Net-neutrality activists were quick to react to Ajit Pai's press conference Tuesday (Feb. 10), where the Federal Communications Commission commissioner criticized agency chairman Tom Wheeler's proposed Title II-based network-neutrality rule order and attributed its impetus to White House influence and politics.
Some of those groups didn't even wait for the press conference to respond to it, anticipating the arguments and criticisms from earlier Pai statements; Pai has made no secret of his dislike of the rules and the process that has produced them.
The groups made no secret of their dislike either, calling Pai's criticisms "nonsense" and "fear mongering" (Free Press) and Pai's repeated attribution of the plan to President Obama -- who came out forcefully for Title II specifically, not simply strong net-neutrality rules in general - -as "the worst sort of dismissive and elitist insult to the American people" (Public Knowledge).

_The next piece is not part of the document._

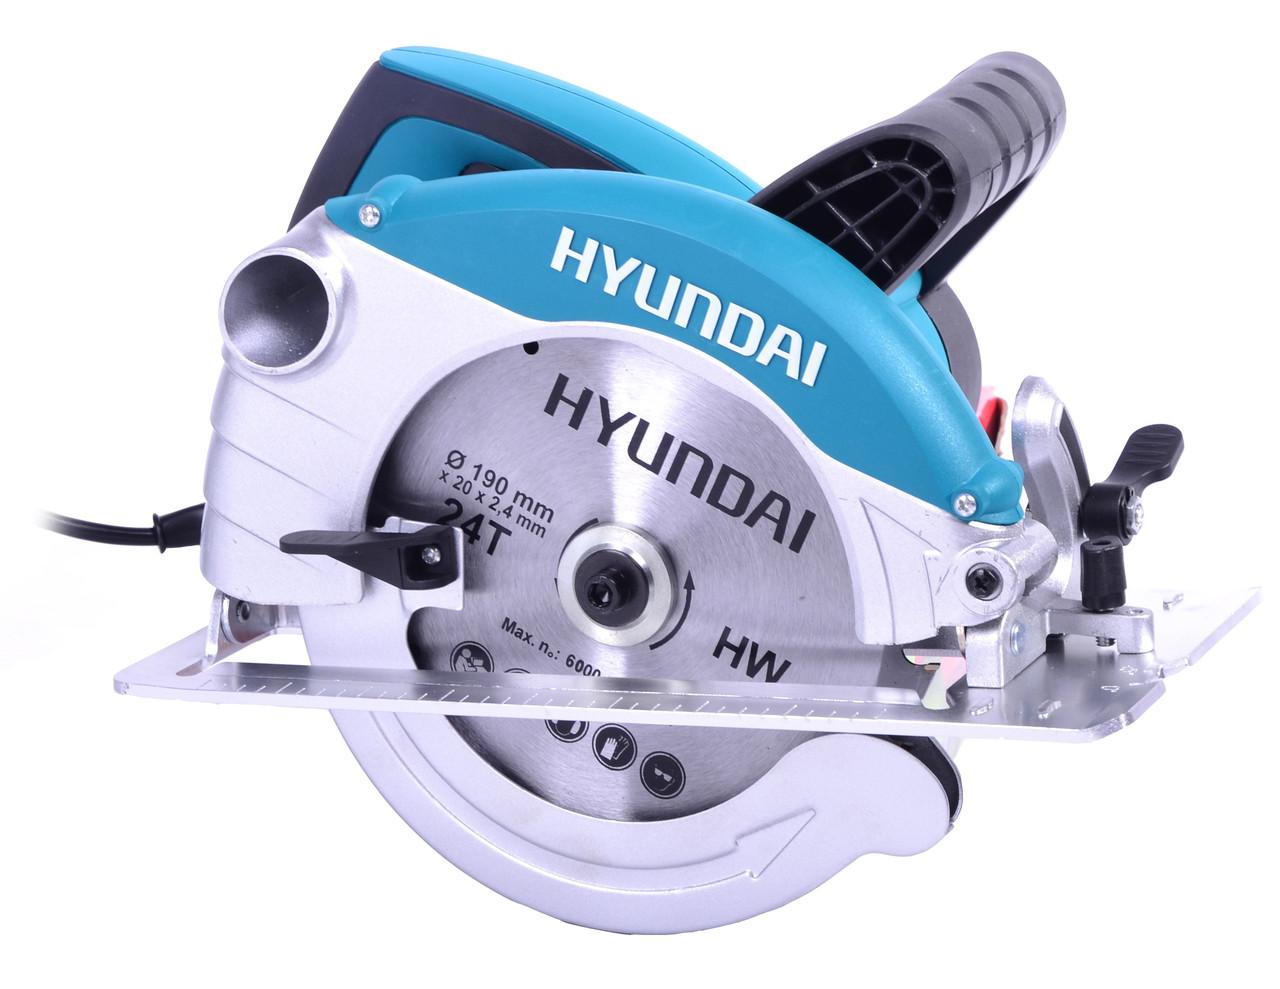 Ручная дисковая пила hyundai C 1500-190
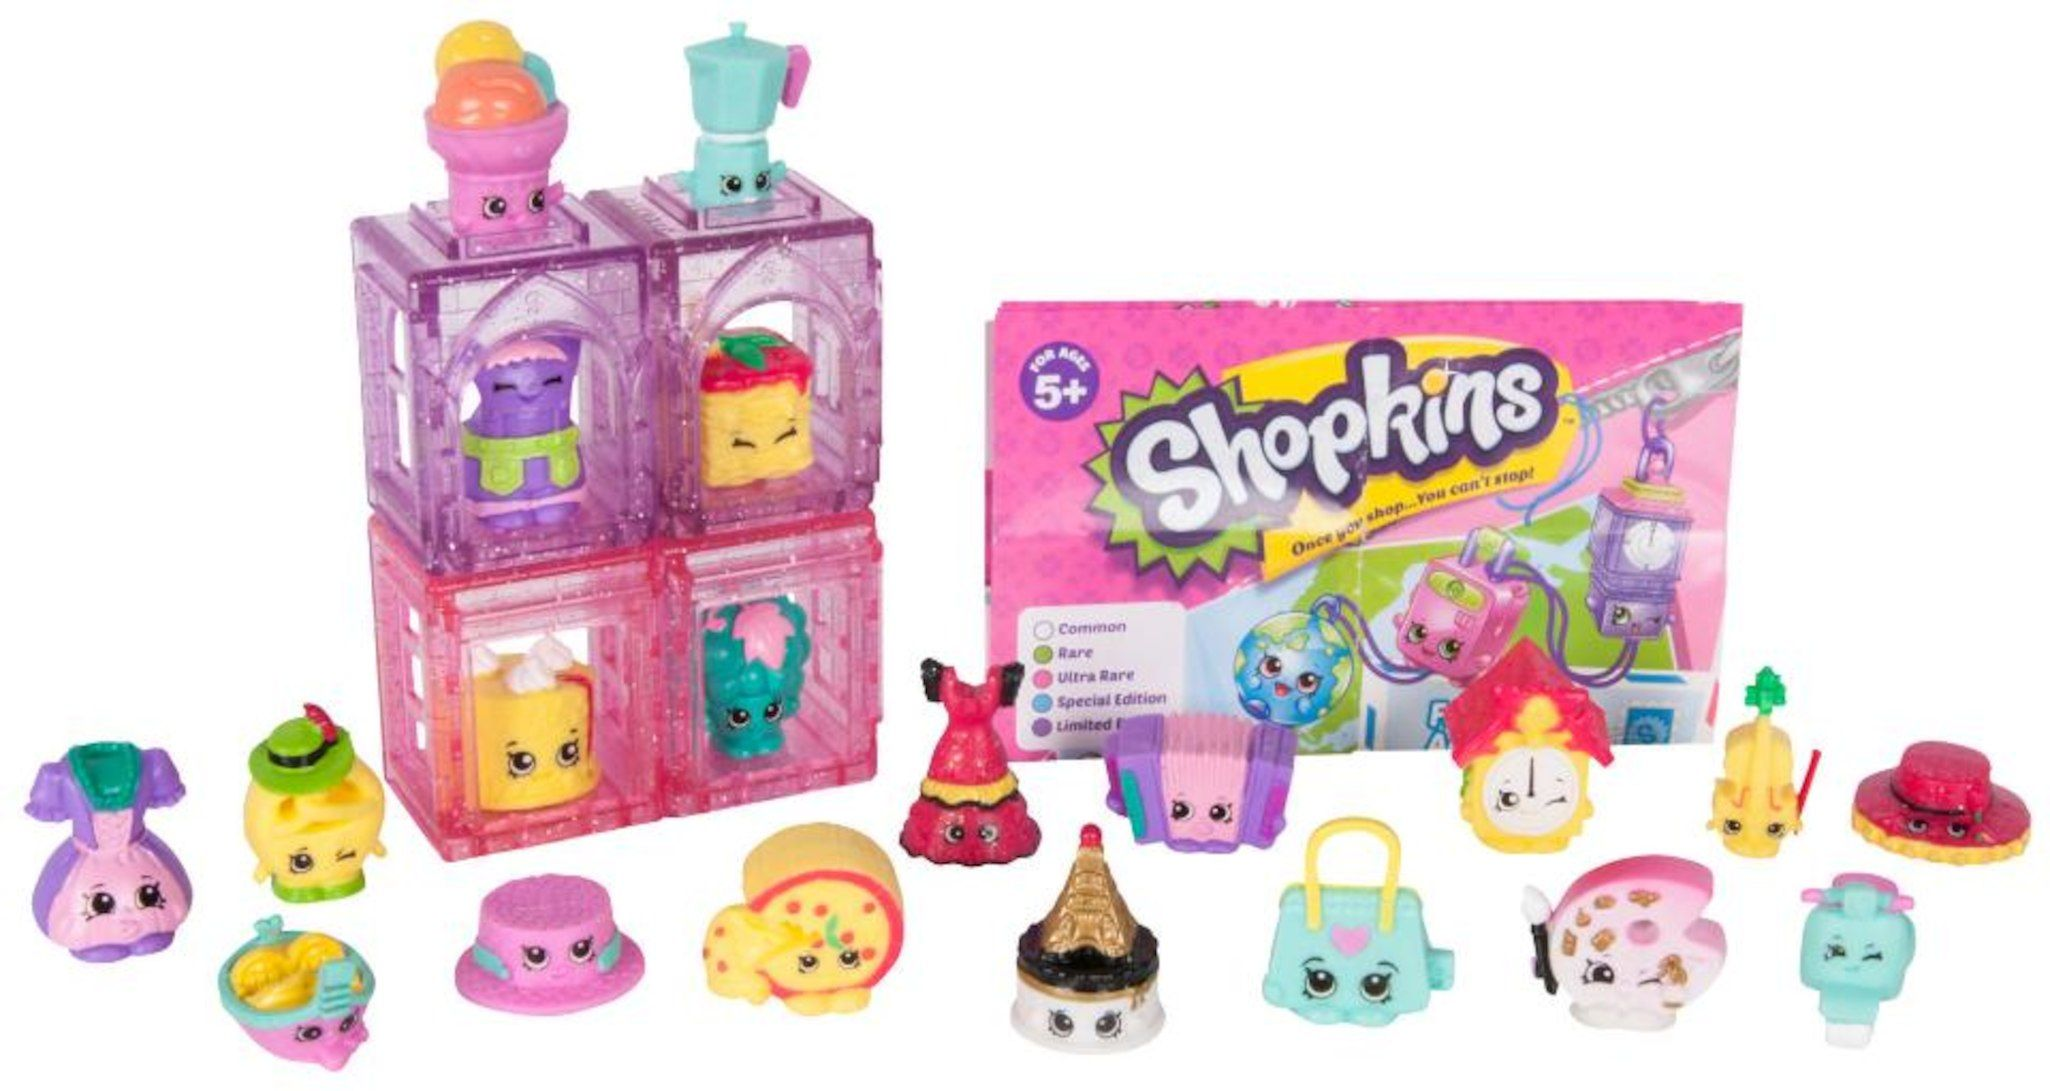 Bought Shopkins Season 8 World Vacation Boarding To Europe Mega Pack Adventure Time Merchandise Shopkins World Vacation Adventure Time

"Commissioner Pai has grown fond of saying at the FCC, ‘this is not what democracy looks like,'" said Public Knowledge SVP Harold Feld. "Perhaps it is Commissioner Pai who can no longer recognize democracy," Feld added that Wheeler should be saluted as a hero and "the people's champion."
As to the suggestion that the president's push for the FCC to impose Title II was undue pressure on an independent agency, a point Pai also made in his press conference, Feld said: "It did not violate the FCC’s independence when President George W. Bush publicly called for chairman Michael Powell to vote on deregulating media ownership, or when President Bill Clinton wrote a public letter to chairman Reed Hundt to ban hard liquor advertising on television. It also did not violate the FCC’s independence when President Ronald Reagan asked chairman Mark Fowler to drop his proposal to rescind the Financial Interest and Syndication Rules. Similarly, President Obama has not violated the independence of the FCC by making his support for strong net-neutrality rules under Title II public."
Free Press policy director Matt Wood said: "Commissioner Pai's nonsense will be cheered by the cable and telecom industries, which make the same unfounded claims. And his fear-mongering may resonate in the echo chamber of misinformation about Title II. But Commissioner Pai is wrong on the facts and the law, and he's out of step with what millions of Internet users and businesses have asked the FCC to do: Protect them from abuse with strong rules that will survive in court."